--- SUPPLIED DATA ---

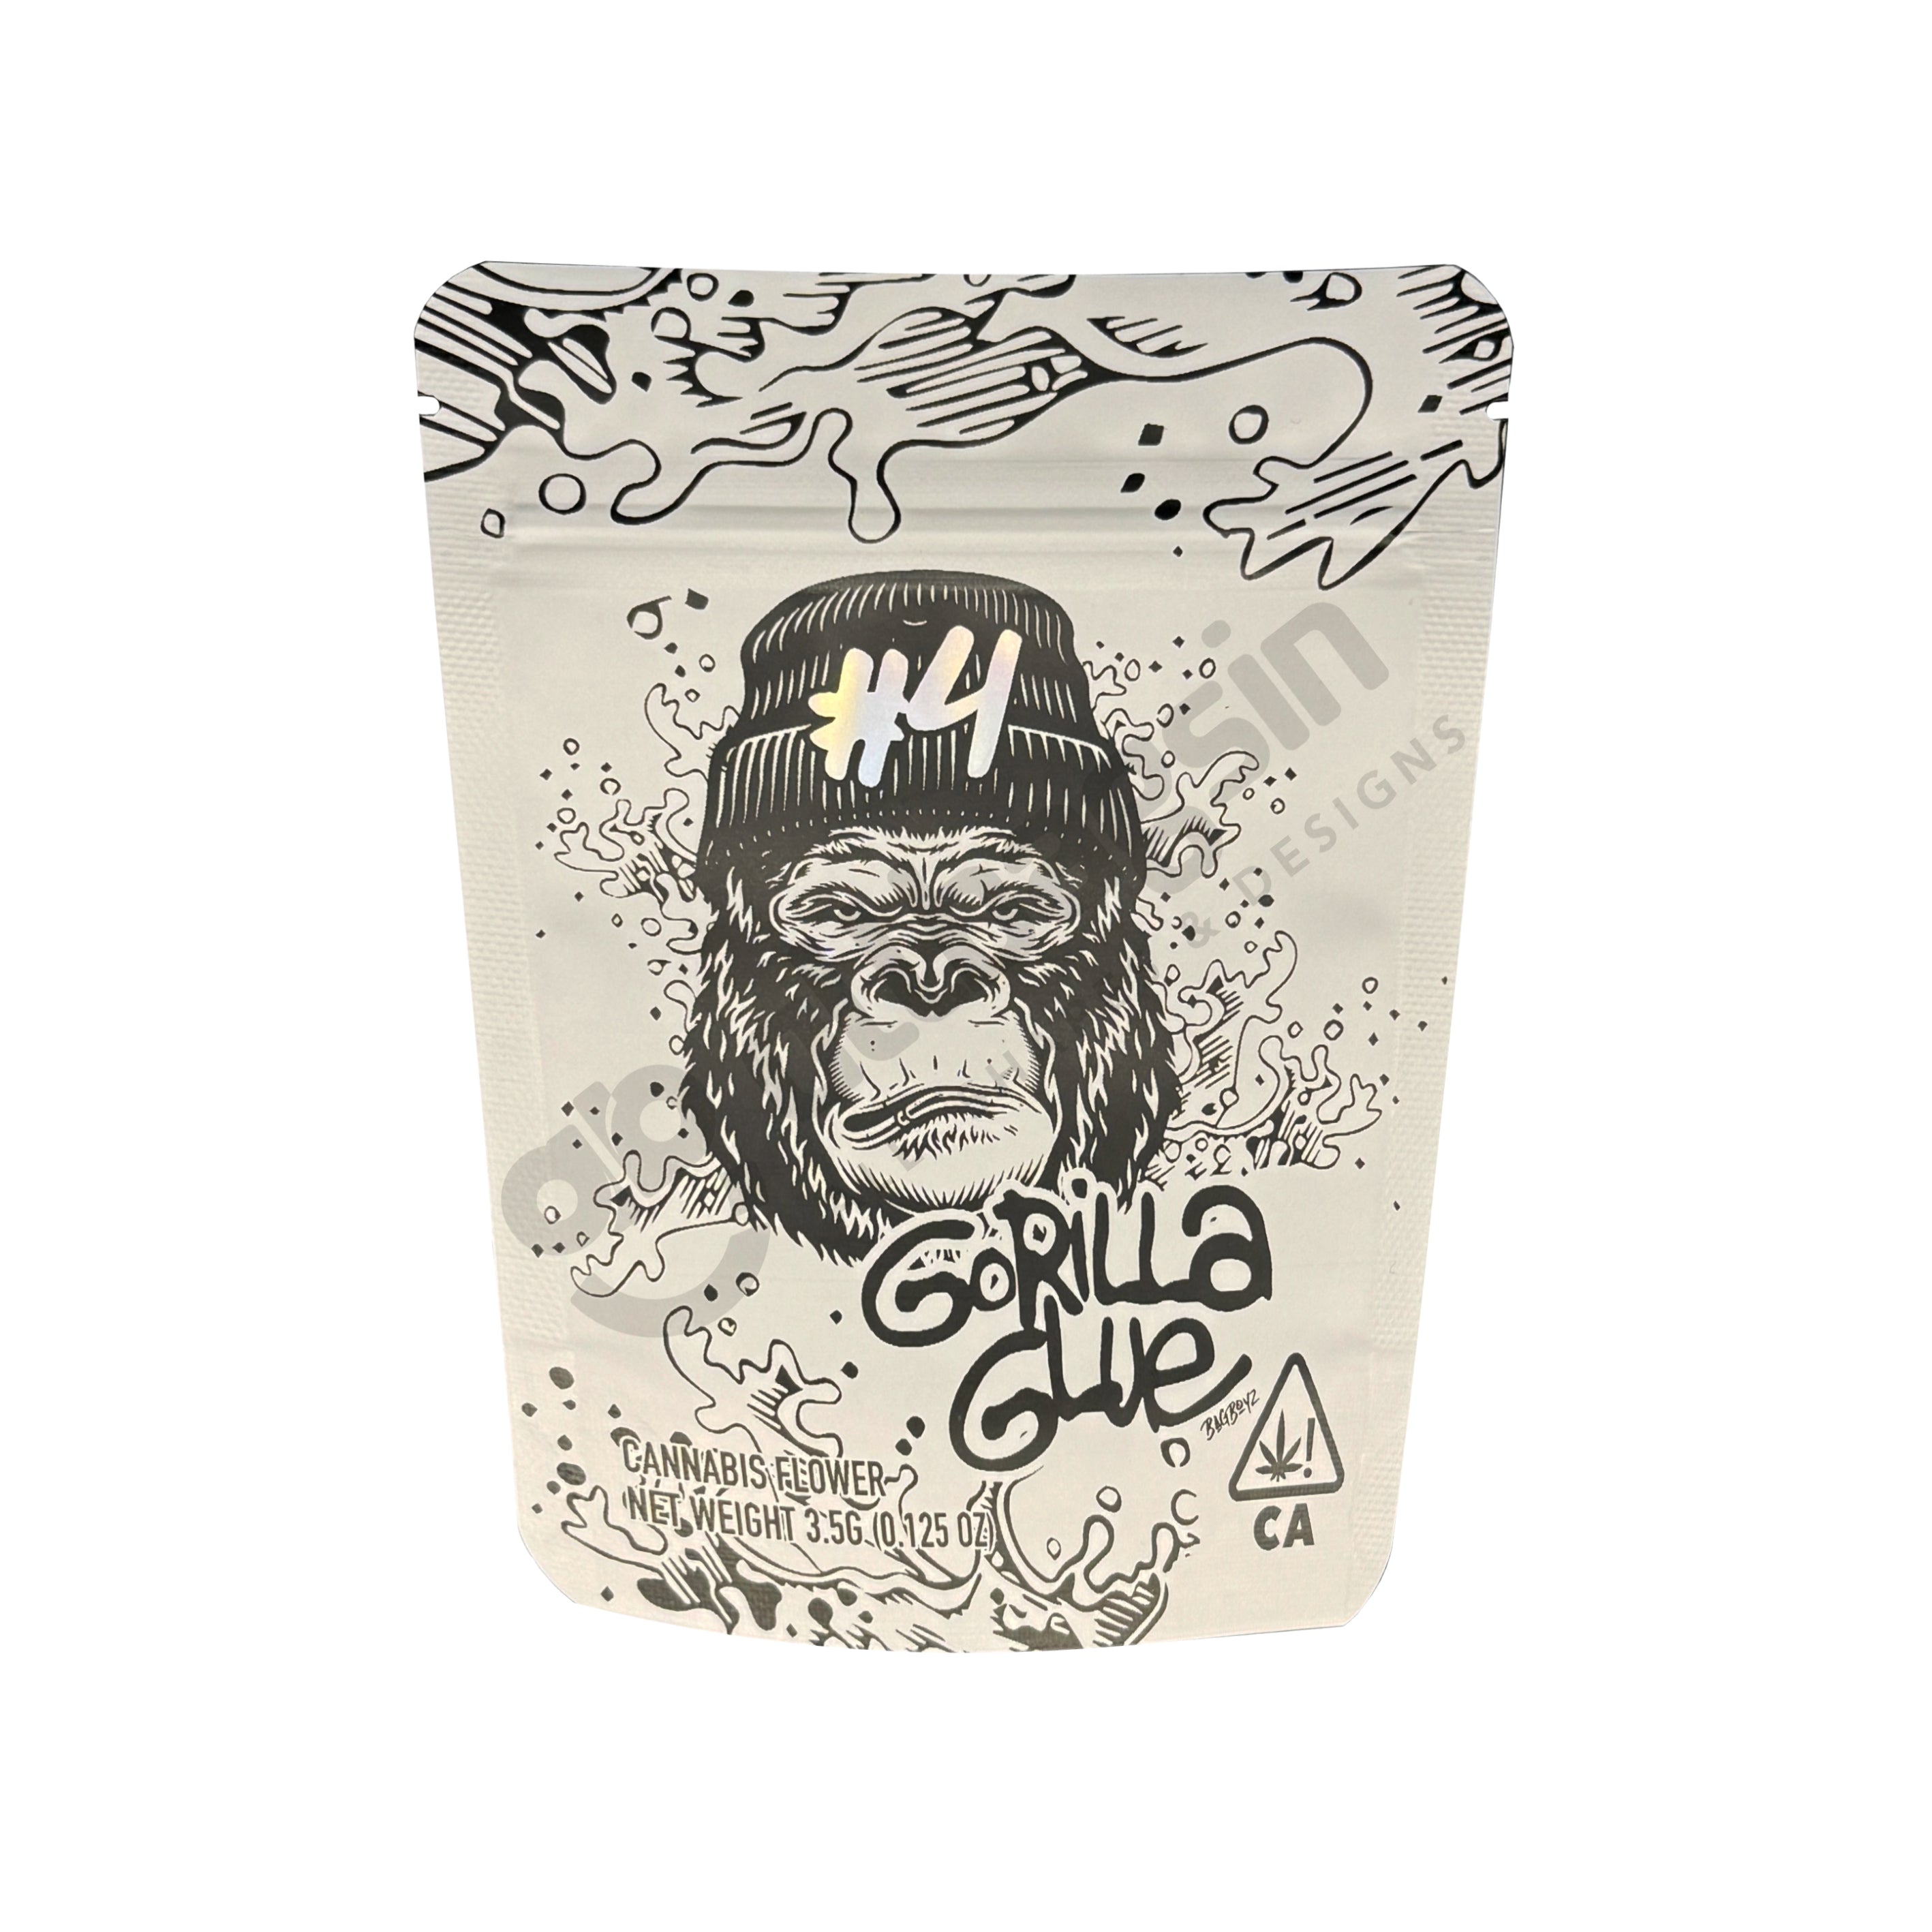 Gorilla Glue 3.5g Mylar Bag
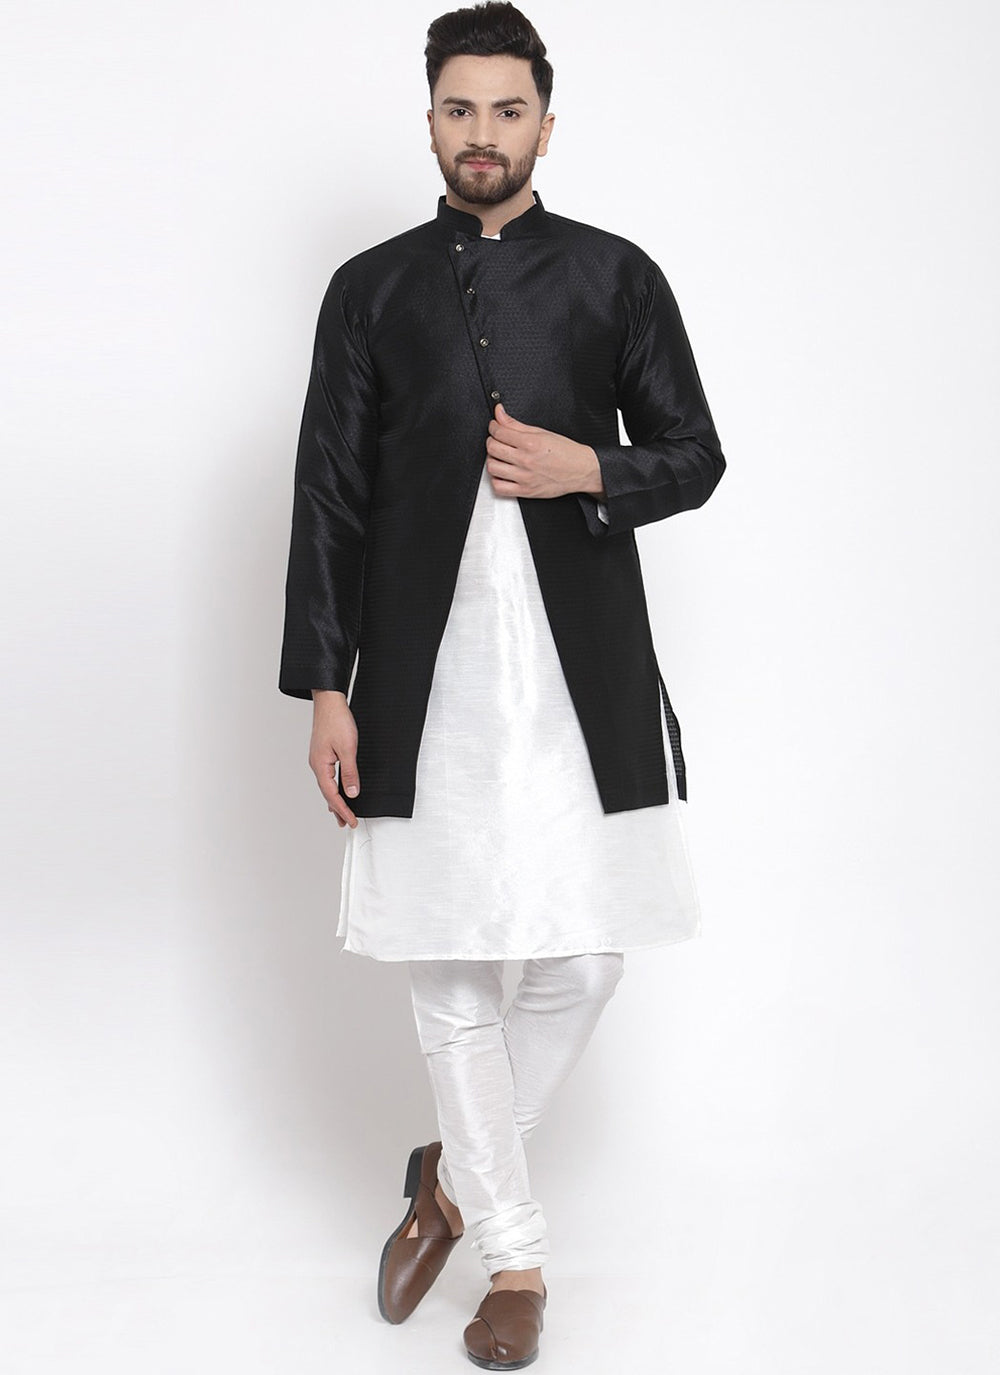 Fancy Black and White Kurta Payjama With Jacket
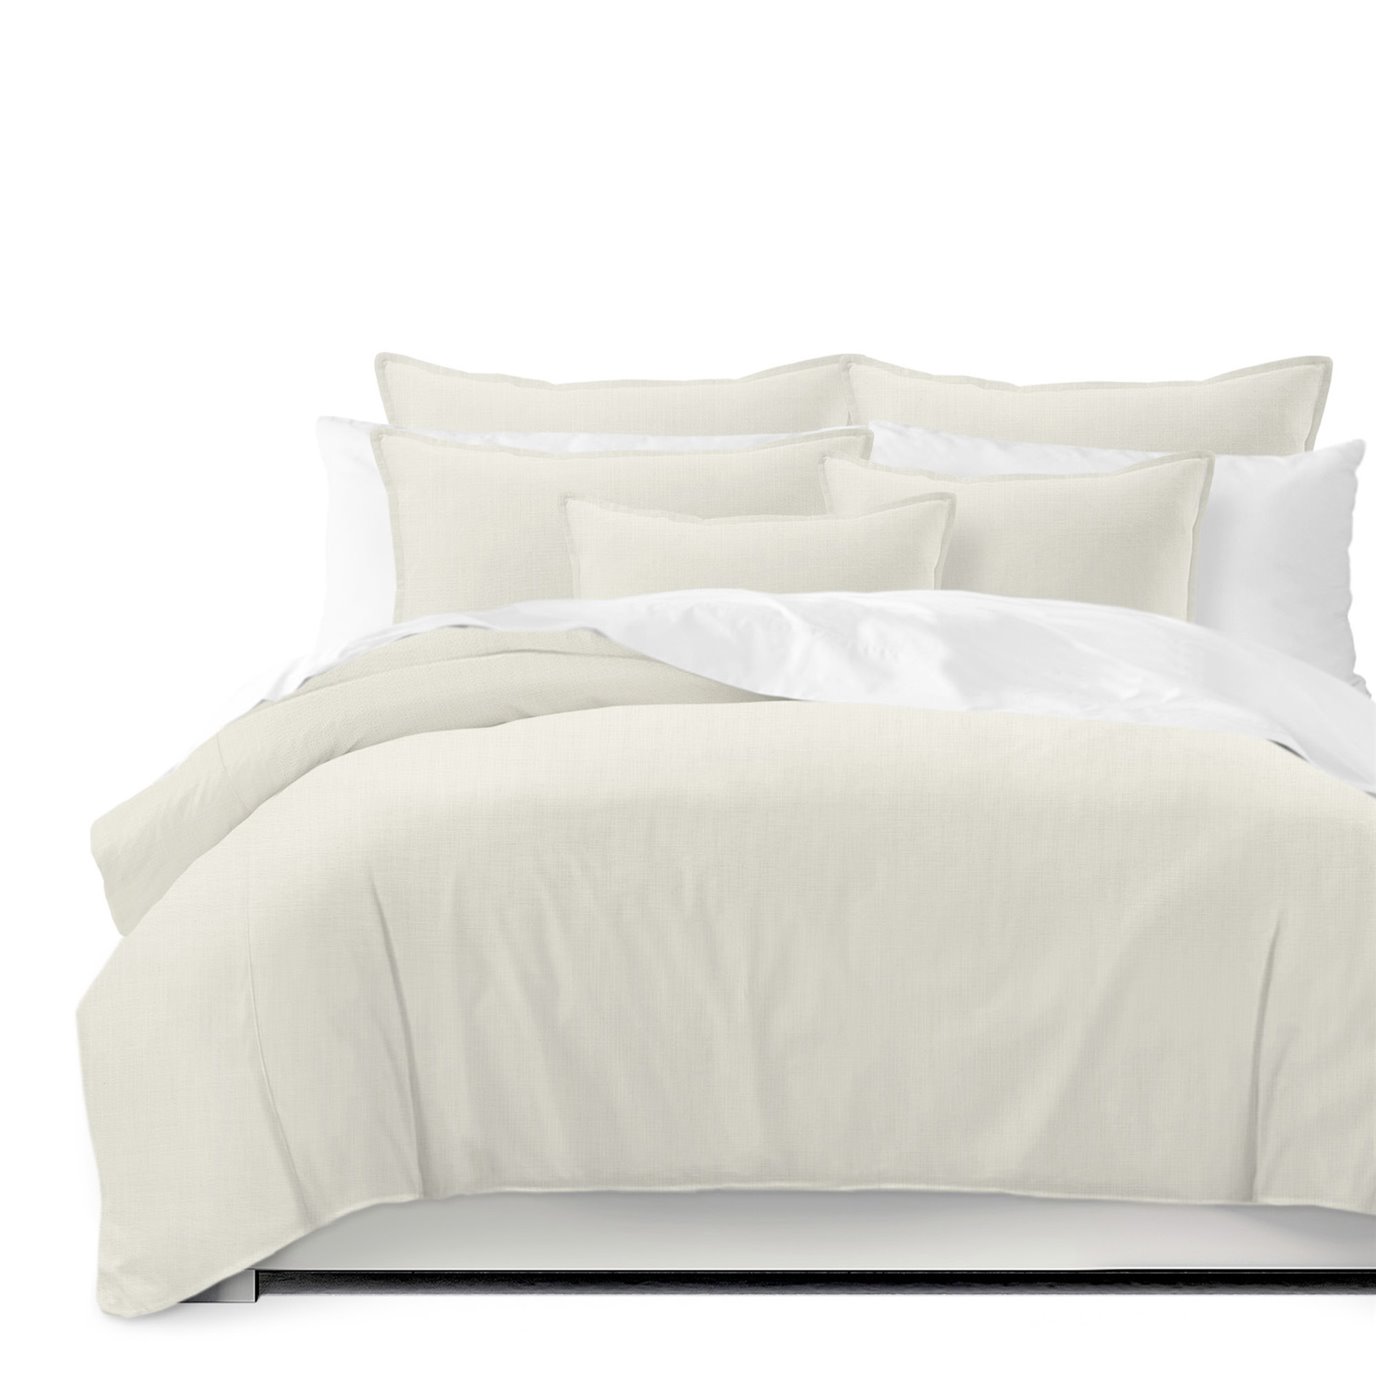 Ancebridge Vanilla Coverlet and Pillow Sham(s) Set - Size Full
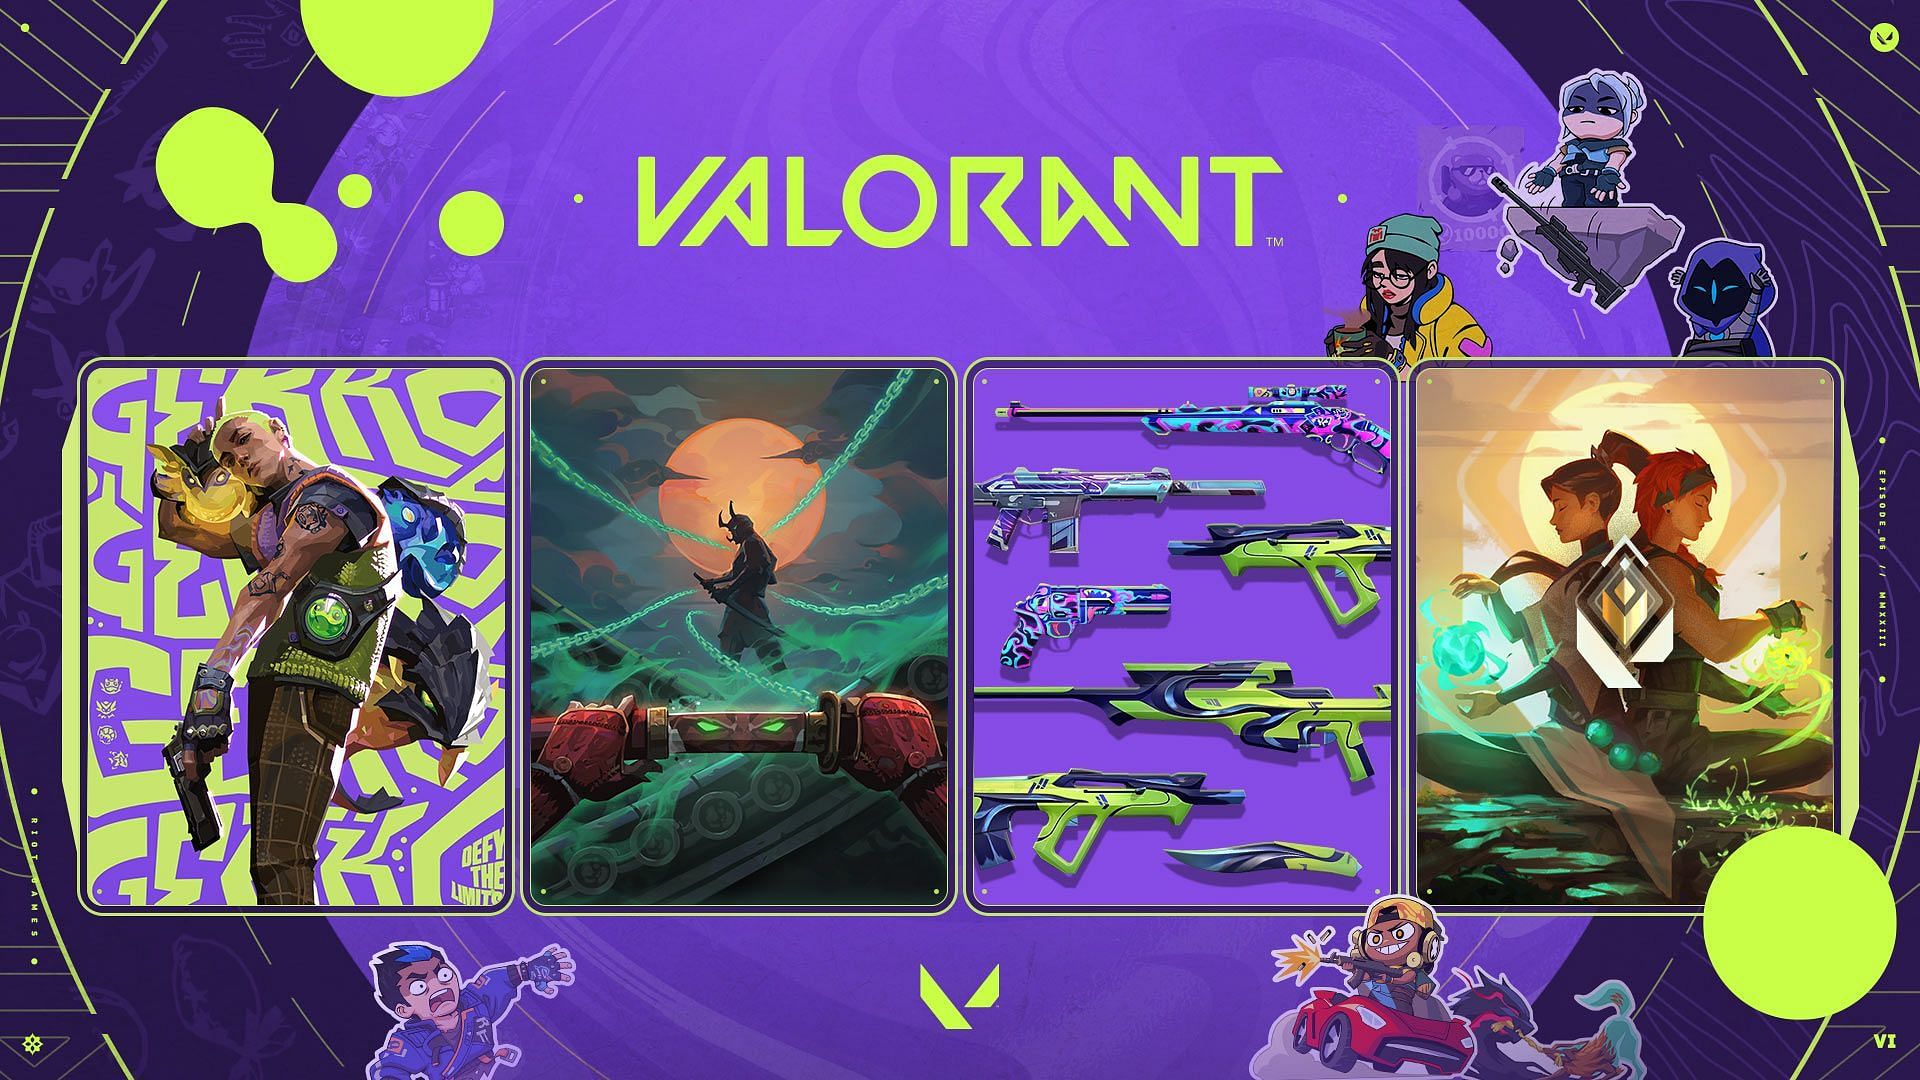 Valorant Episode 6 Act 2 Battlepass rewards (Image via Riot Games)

---

— ASSIGNMENT —
Your copy of the data above should match it exactly, apart from the images.

— REPLY TO THE TASK —
 Gorilla Glue 3.5g Mylar Bag
 Fancy Black and White Kurta Payjama With Jacket
 Ancebridge Vanilla Coverlet and Pillow Sham(s) Set - Size Full
 Valorant Episode 6 Act 2 Battlepass rewards (Image via Riot Games)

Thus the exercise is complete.